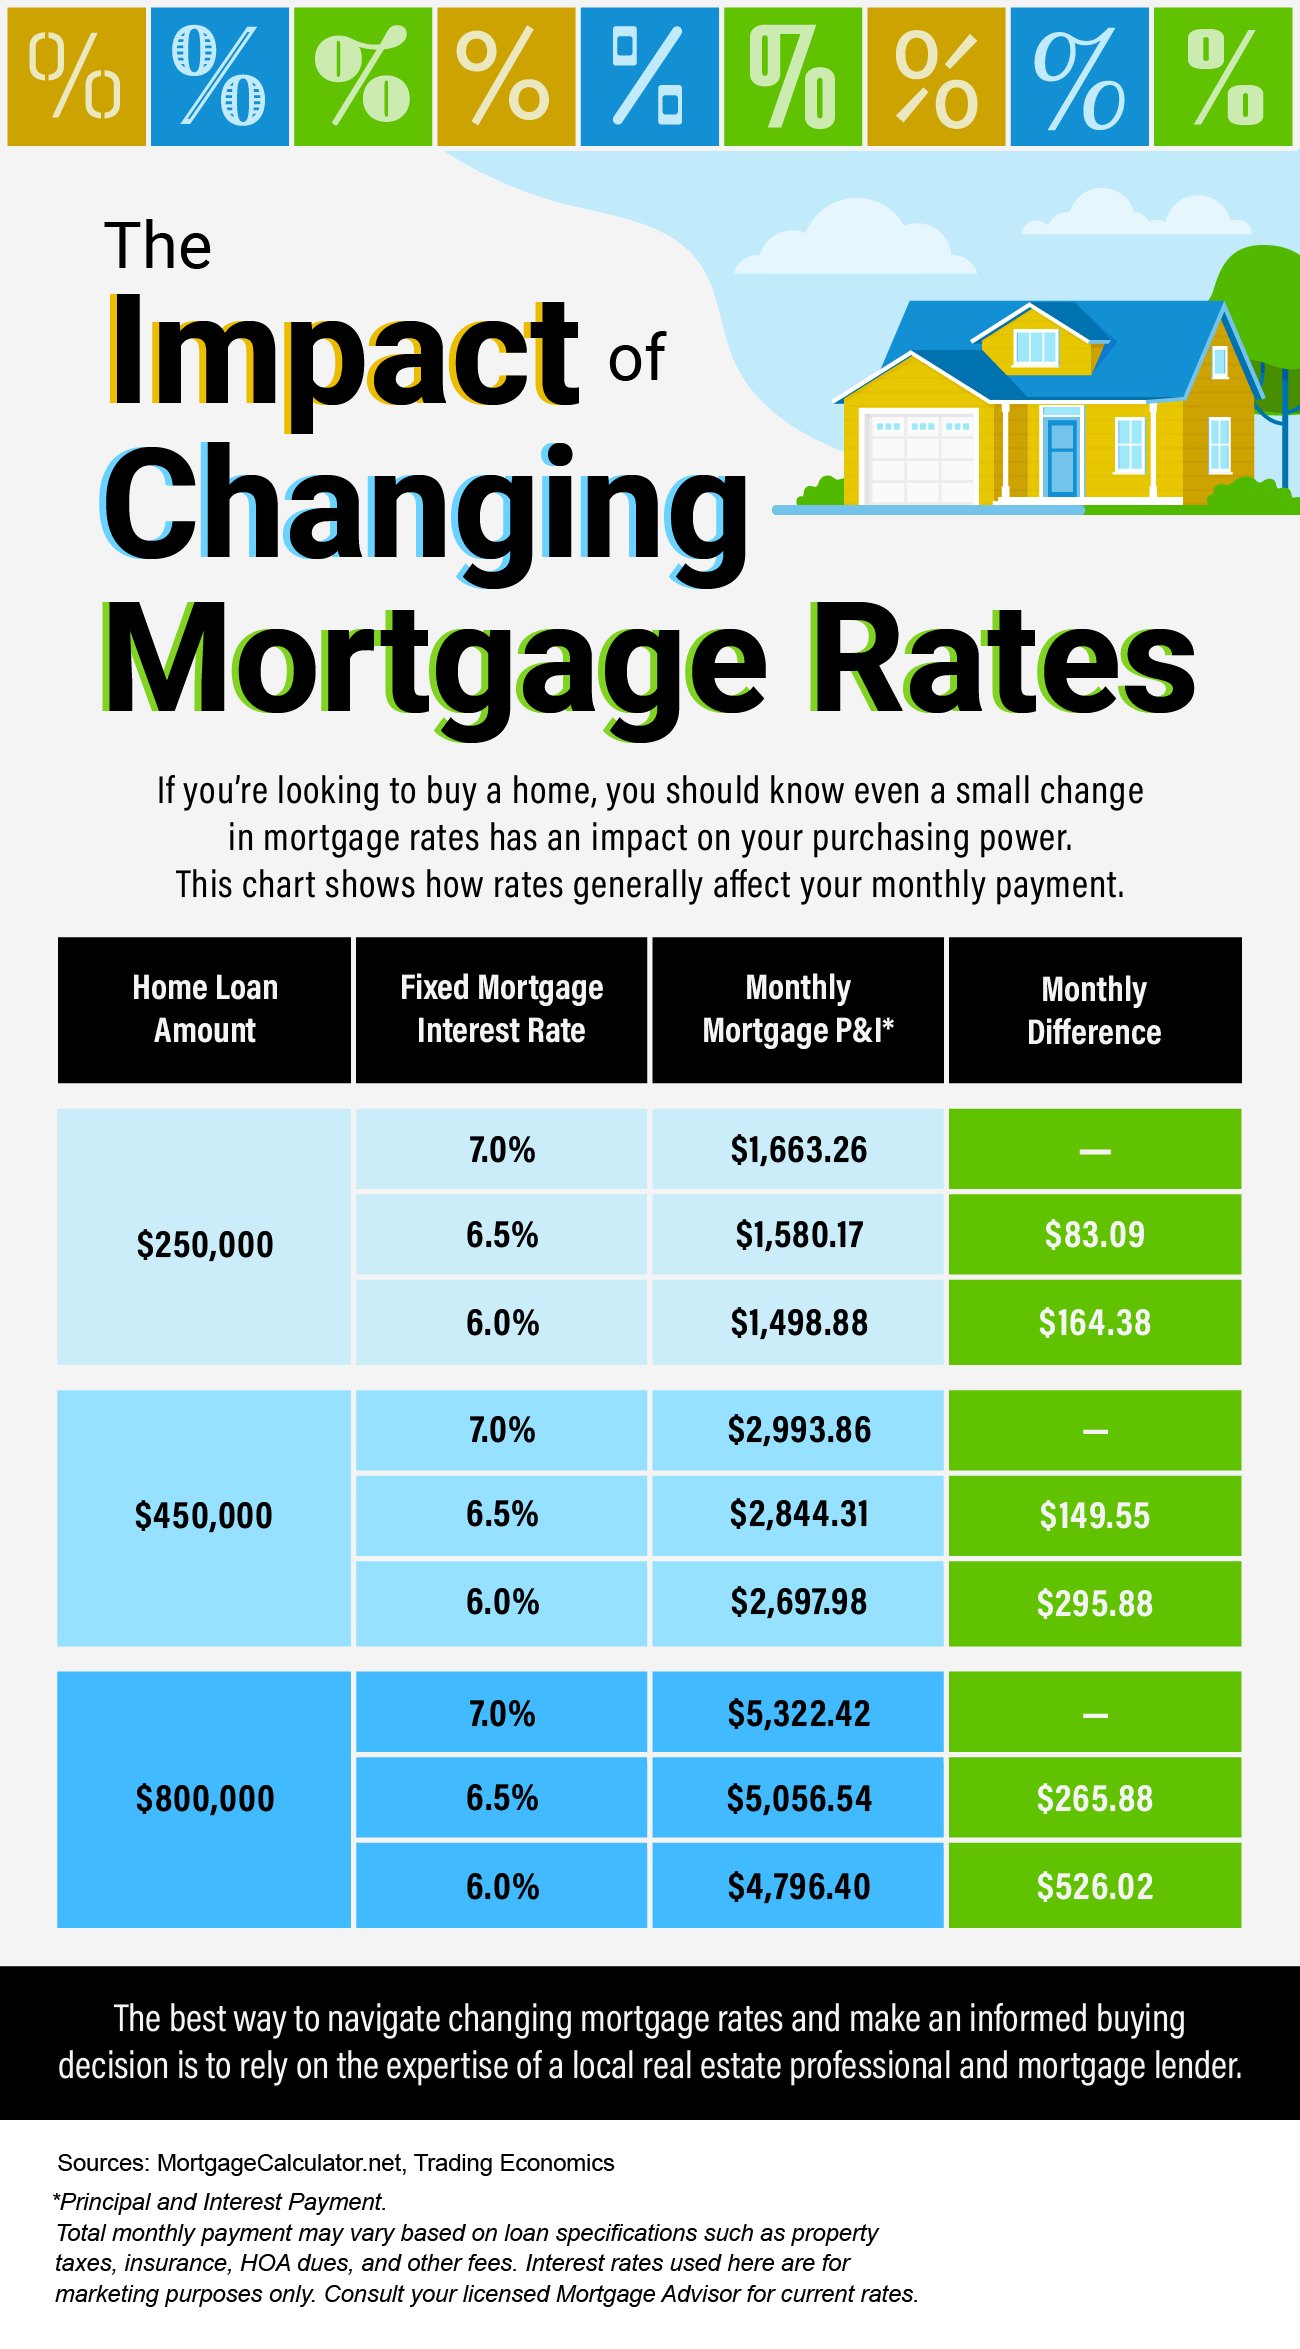 The impact of changing mortgage rates infographic
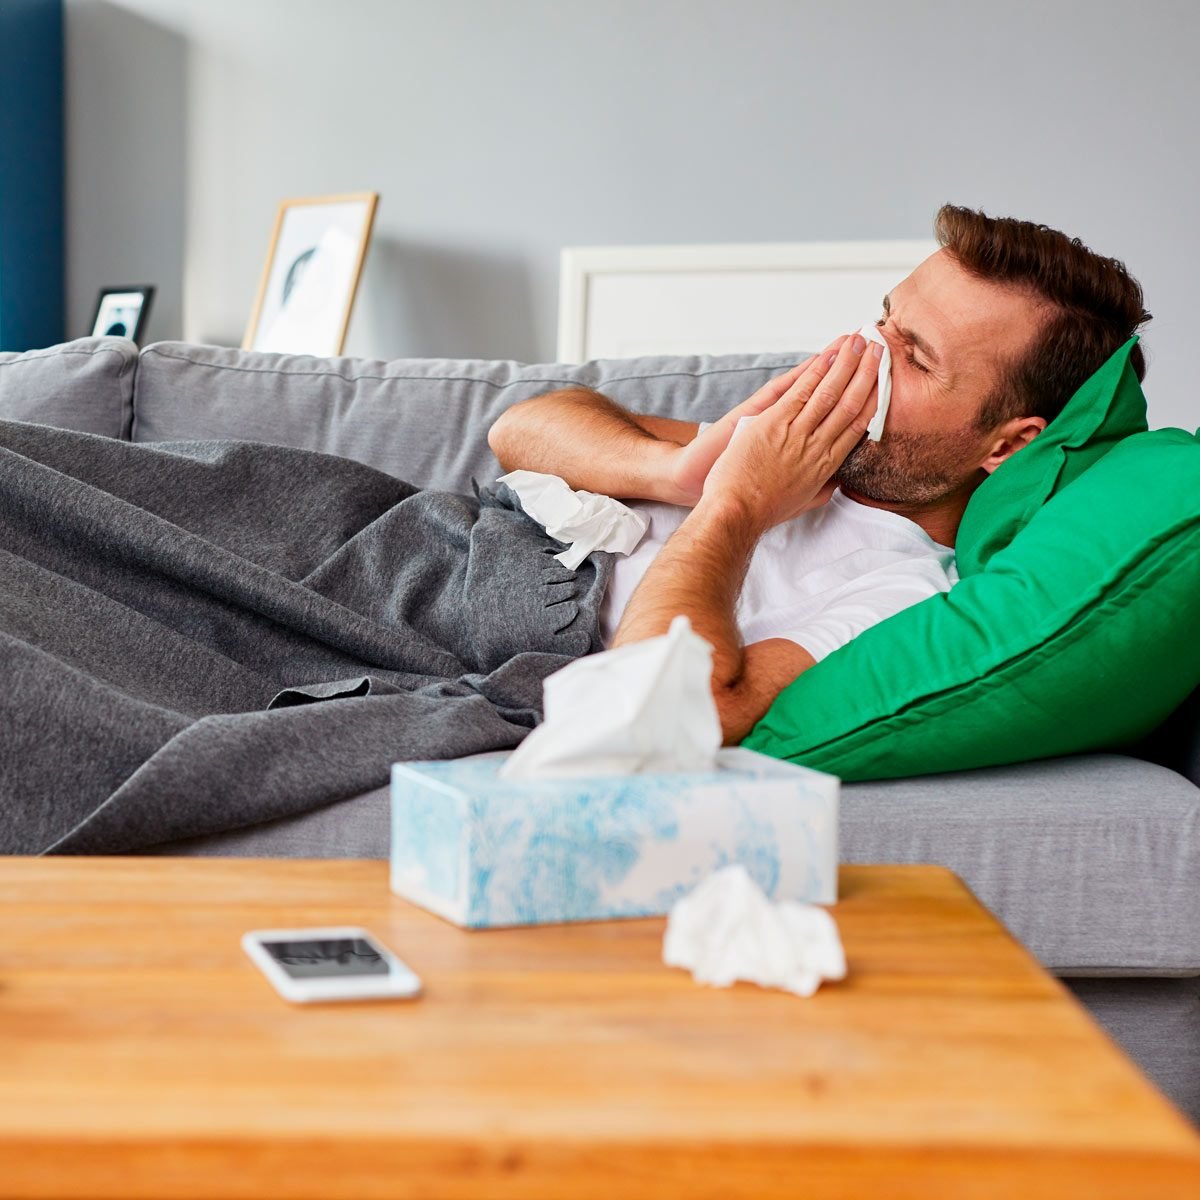 10 Things in Your Home That May Be Making You Sick
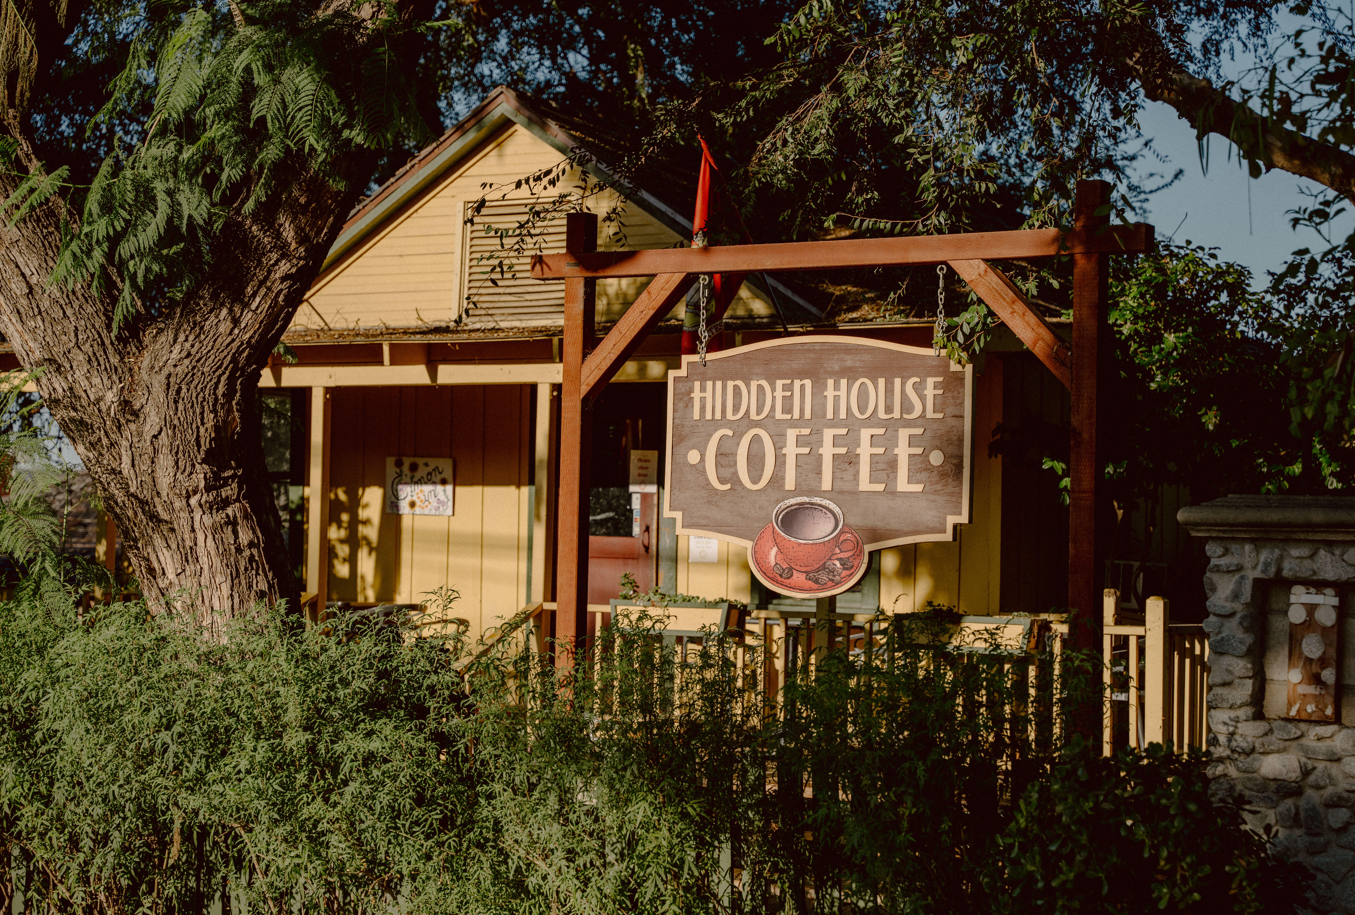 Image of Hidden House Coffee, surrounded by trees in San Juan Capistrano.
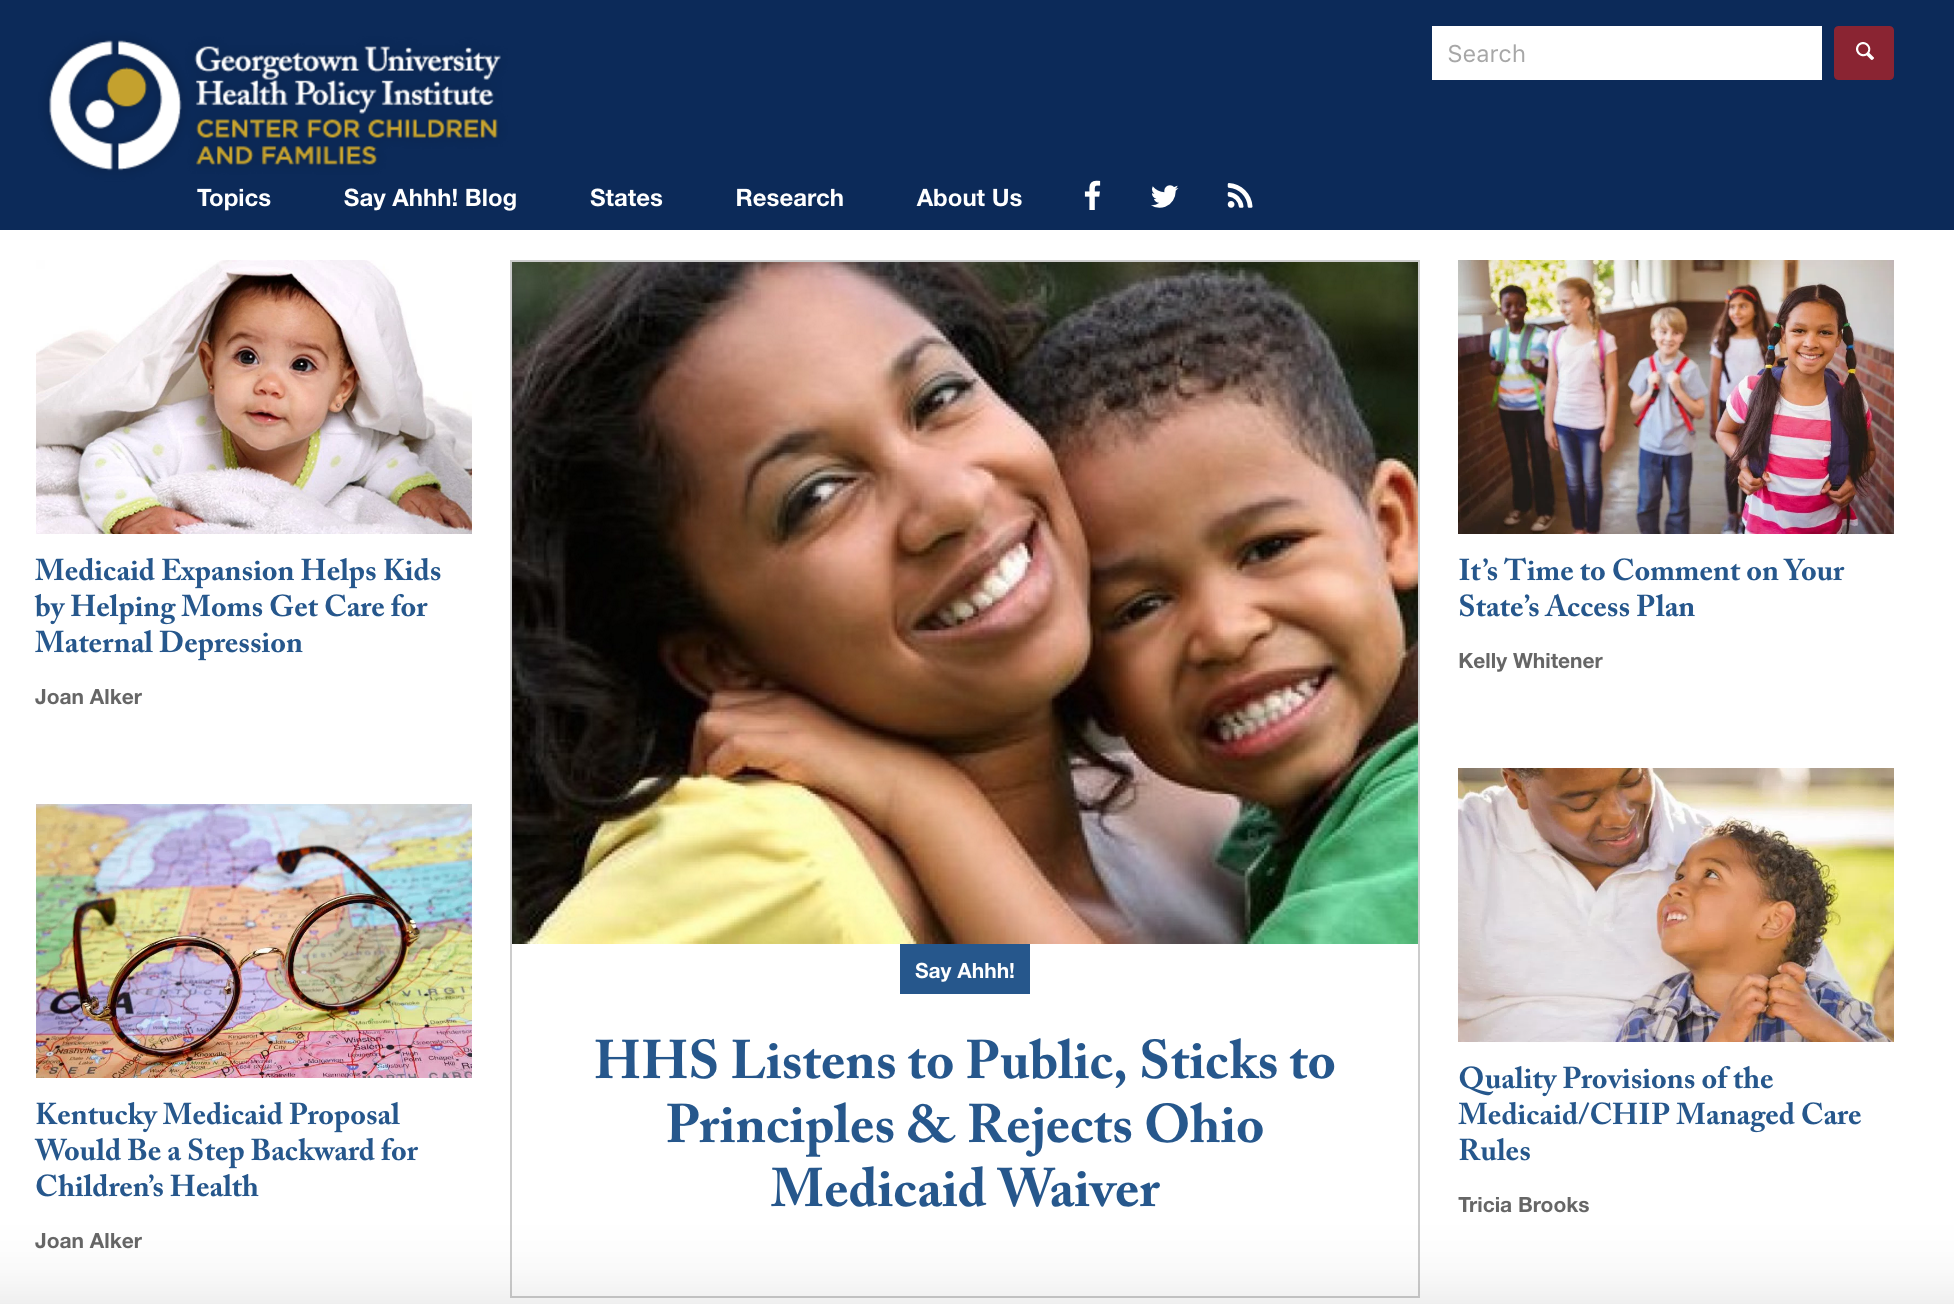 A screenshot of the Georgetown home page, with a blue header and navigation bar at the top, one main featured article and image in the middle of the page surrounded by four smaller articles and images
---
** PROBLEM DETAILS **
Skipping the pictures, transcribe each line above exactly as it appears.

** RESPONSE TO THE EXERCISE **
 The impact of changing mortgage rates infographic
 10 Things in Your Home That May Be Making You Sick
 Image of Hidden House Coffee, surrounded by trees in San Juan Capistrano.
 A screenshot of the Georgetown home page, with a blue header and navigation bar at the top, one main featured article and image in the middle of the page surrounded by four smaller articles and images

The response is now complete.